Первое, что "смущает" воспитанного в духе Просвещения пред­ставителя западного мира, так это кажущаяся невыделенность человека из животного мира. Действительно, в ведических текстах (признанных авторитетными практически всеми индийскими фило­софскими системами) человек часто именуется пашу — домашним животным, перечисляемым в одном ряду с коровами, лошадьми, козами и овцами (к которым иногда добавляются также верблюды, собаки, ишаки). Однако в древних же текстах отмечается, что человек занимает особое место среди животных, он даже сравнива­ется с Индрой в мире живых существ. Как бы подчеркивая особен­ное положение человека, священные тексты приписывают только ему право совершать ритуалы и жертвоприношения.

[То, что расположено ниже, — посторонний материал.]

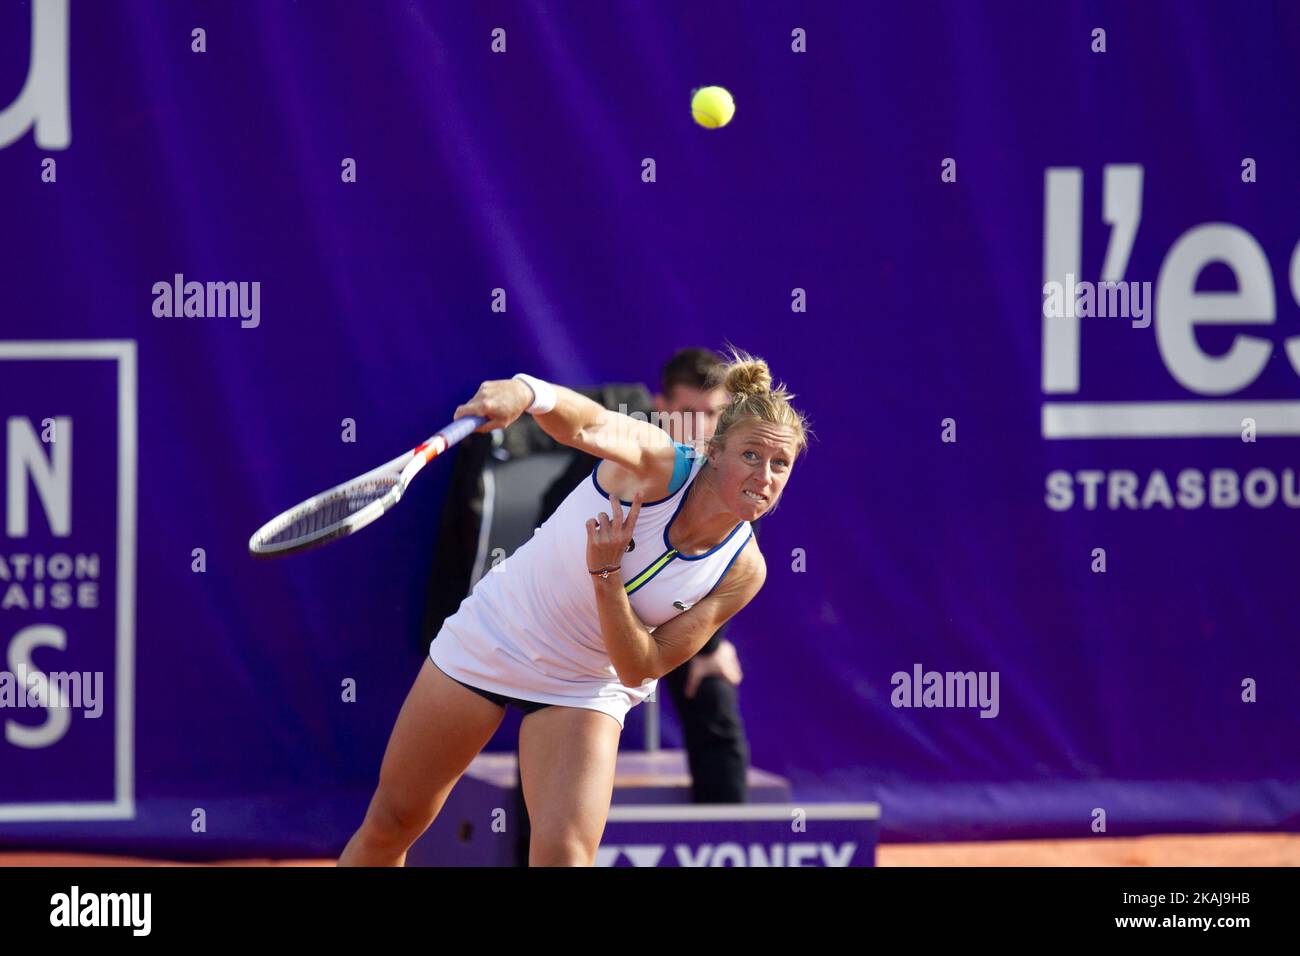 France's Pauline Parmentier in action against Mirjana LUCIC-BARONI during  their match on May 19, 2016, in Strasbourg, France, at the Strasbourg  International. First major event of the French women's tennis on clay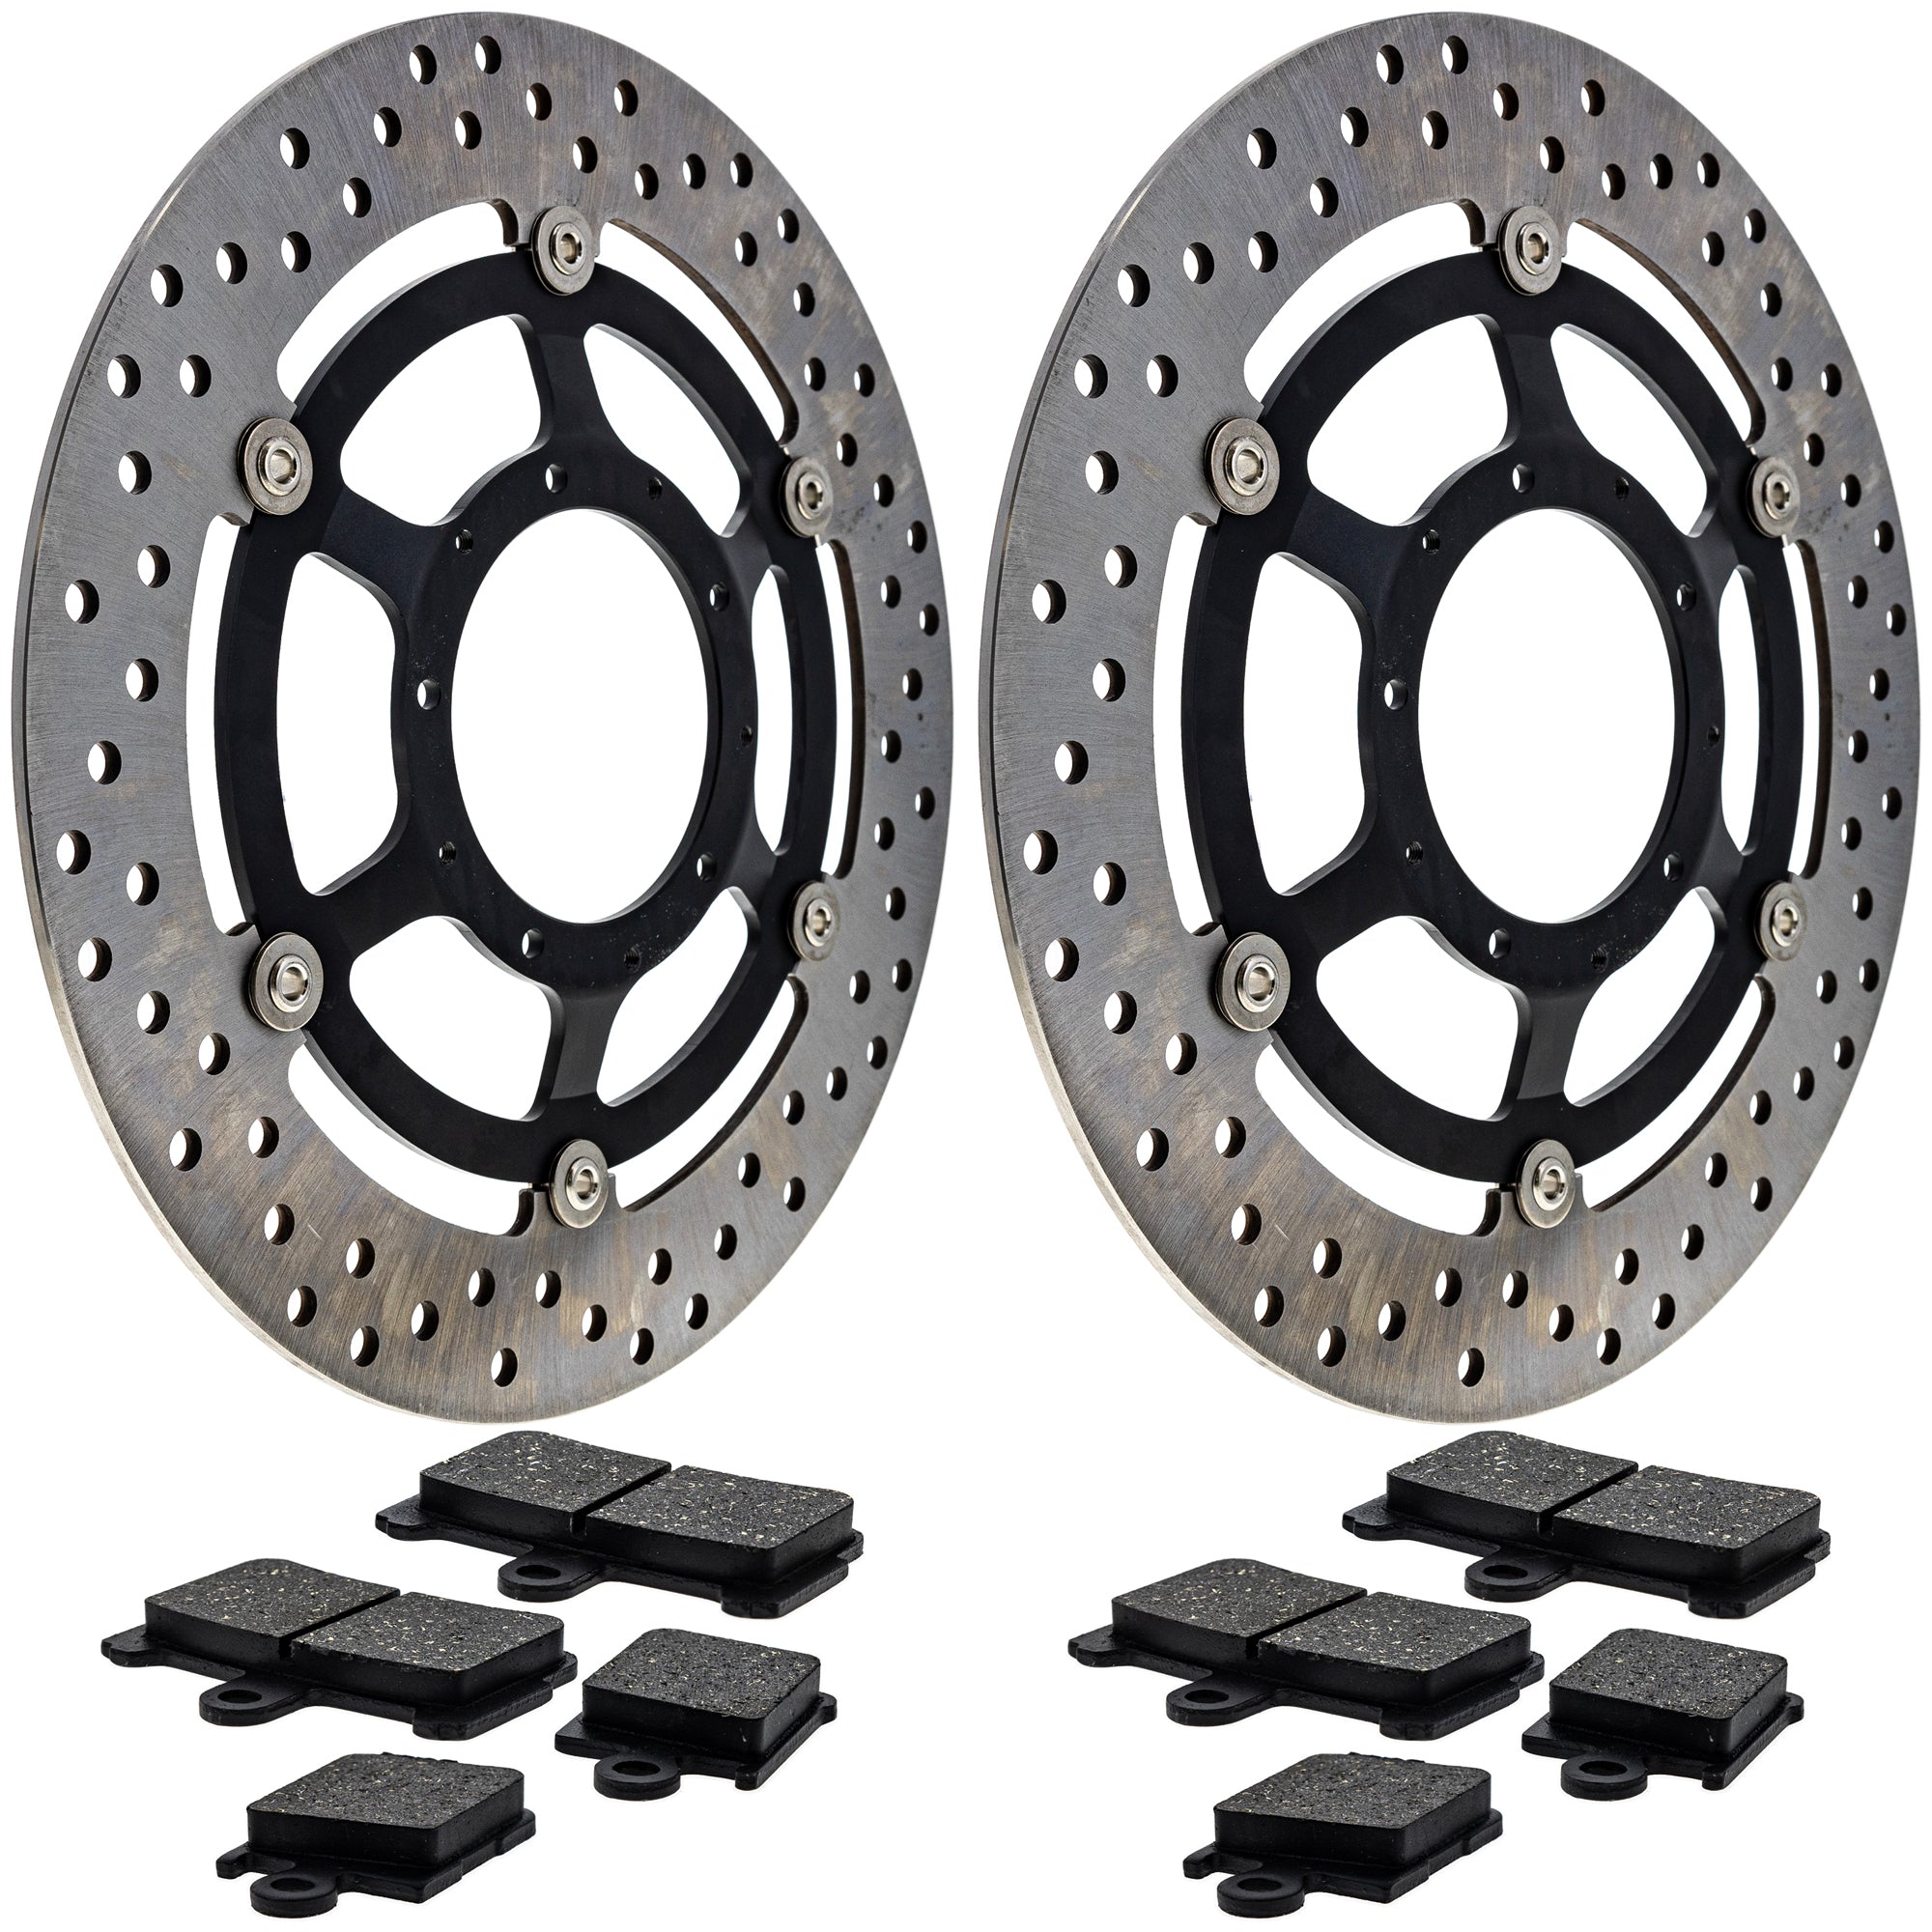 Complete Front or Rear Pad and Rotor Set for zOTHER Kawasaki Interceptor 06455-MGE-016 NICHE MK1007500

Тем самым признается особая связь человека с богами.

Преимущественное положение человека связано с его способно­стью мыслить. Не случайно один из наиболее распространенных синонимов слова "человек" — манушья — можно соотнести с гла­голом "думать".

Но главное отличие человека от остального мира в том, что именно в нем наиполнейшим образом манифестируется Высшее "Я"

Атман. В «Айтрея — Араньяка», говорится: "Сок течет в растениях, а в животных — разум (читта). В человеке Атман проявлен наилучшим образом, потому что человек наделен разум­ностью (праджнана). Он видит и говорит о том, что познает, веда­ет то, что будет завтра, различает реальный мир от нереального, стремится достичь бессмертия, хотя и смертен". Коренное отличие человека от животных в том, что он обладает способностью следовать дхарме — моральному закону.

Взаимосвязь Атмана-Брахмана с атманом, индивидуальным "я" решается в индийской традиции преимущественно на основании принципа недуальности. Шанкаре принадлежит примечательное в этом смысле высказывание: „Существование Брахмана известно на основании того, что он является V каждого. Ведь каждый осозна­ет существование собственного 'я' и никогда не думает: „Я не суще­ствую . Если бы существование 'я' не было известно, всякий бы сказал : "Я не существую". И это «'Я' (существование которого все­ми осознается) есть Брахман".

Поскольку существует недуальная связь "я" с "Я", и Атман-Брахман тем самым присутствует в каждом, каждый сущностно идентичен со всеми другими.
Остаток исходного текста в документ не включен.